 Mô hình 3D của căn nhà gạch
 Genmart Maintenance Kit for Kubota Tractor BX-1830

---

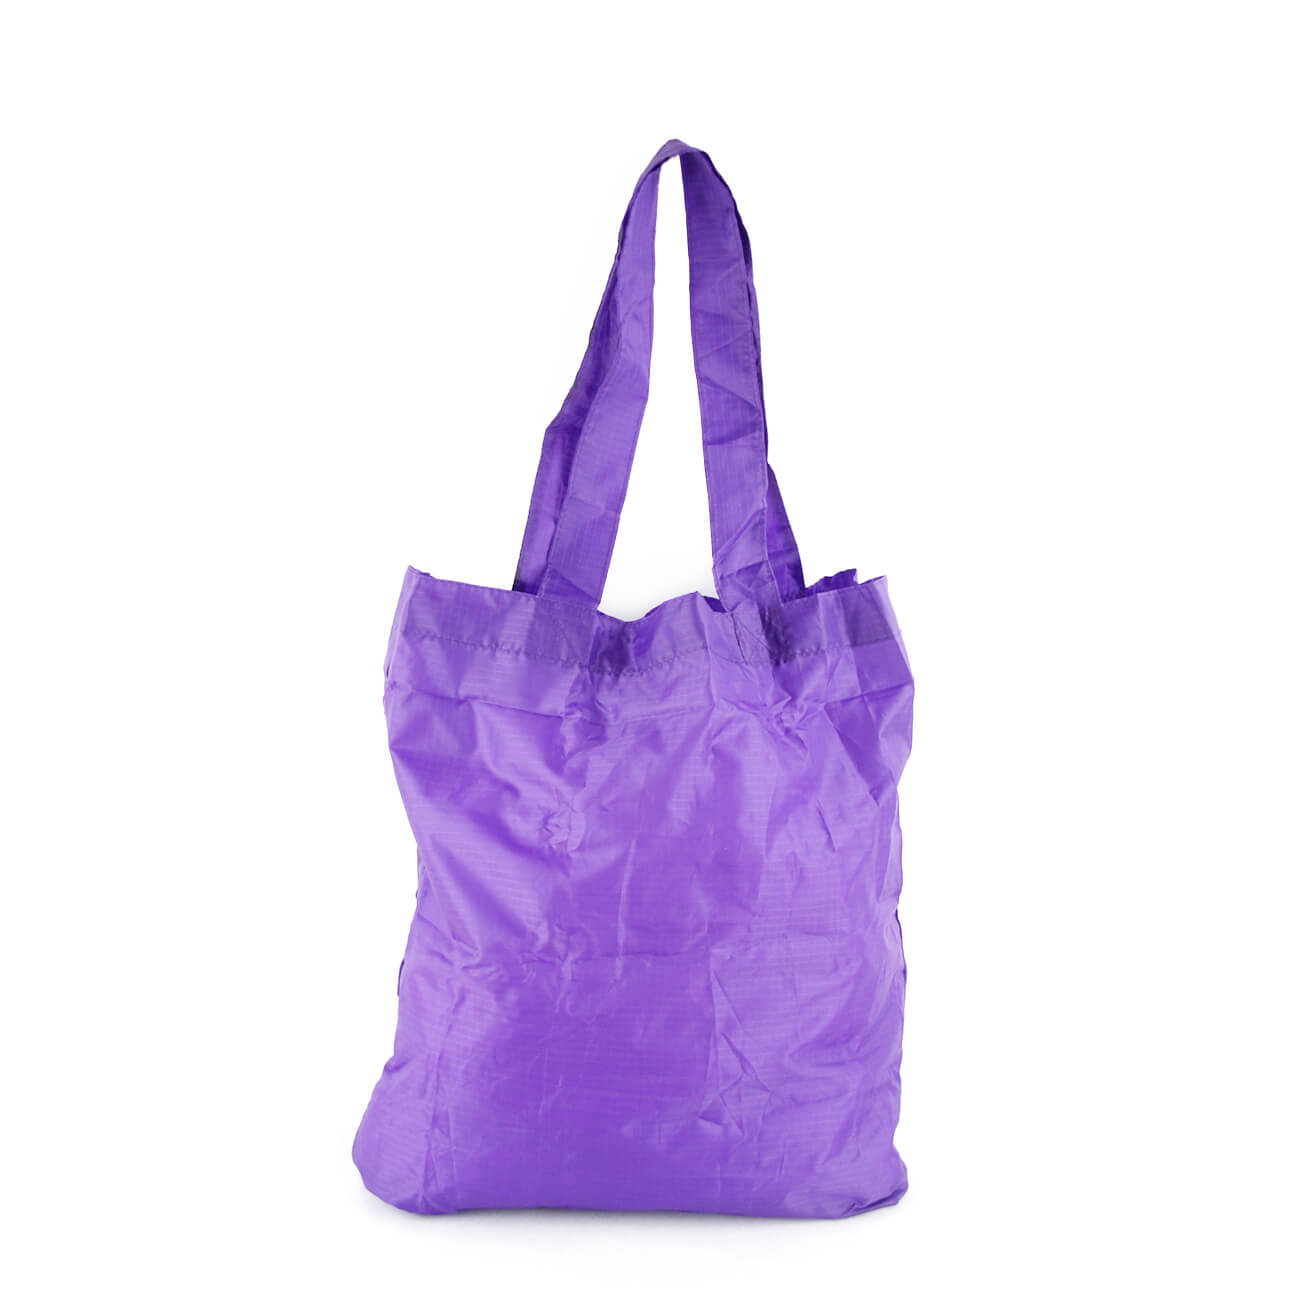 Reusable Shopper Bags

= THE PROBLEM =
Using only the listing above, restate exactly the lines from the line containing "Mô hình 3D của căn nhà gạch" through the line containing "Genmart Maintenance Kit", both included.

= EXPECTED ANSWER =
 Mô hình 3D của căn nhà gạch
 Genmart Maintenance Kit for Kubota Tractor BX-1830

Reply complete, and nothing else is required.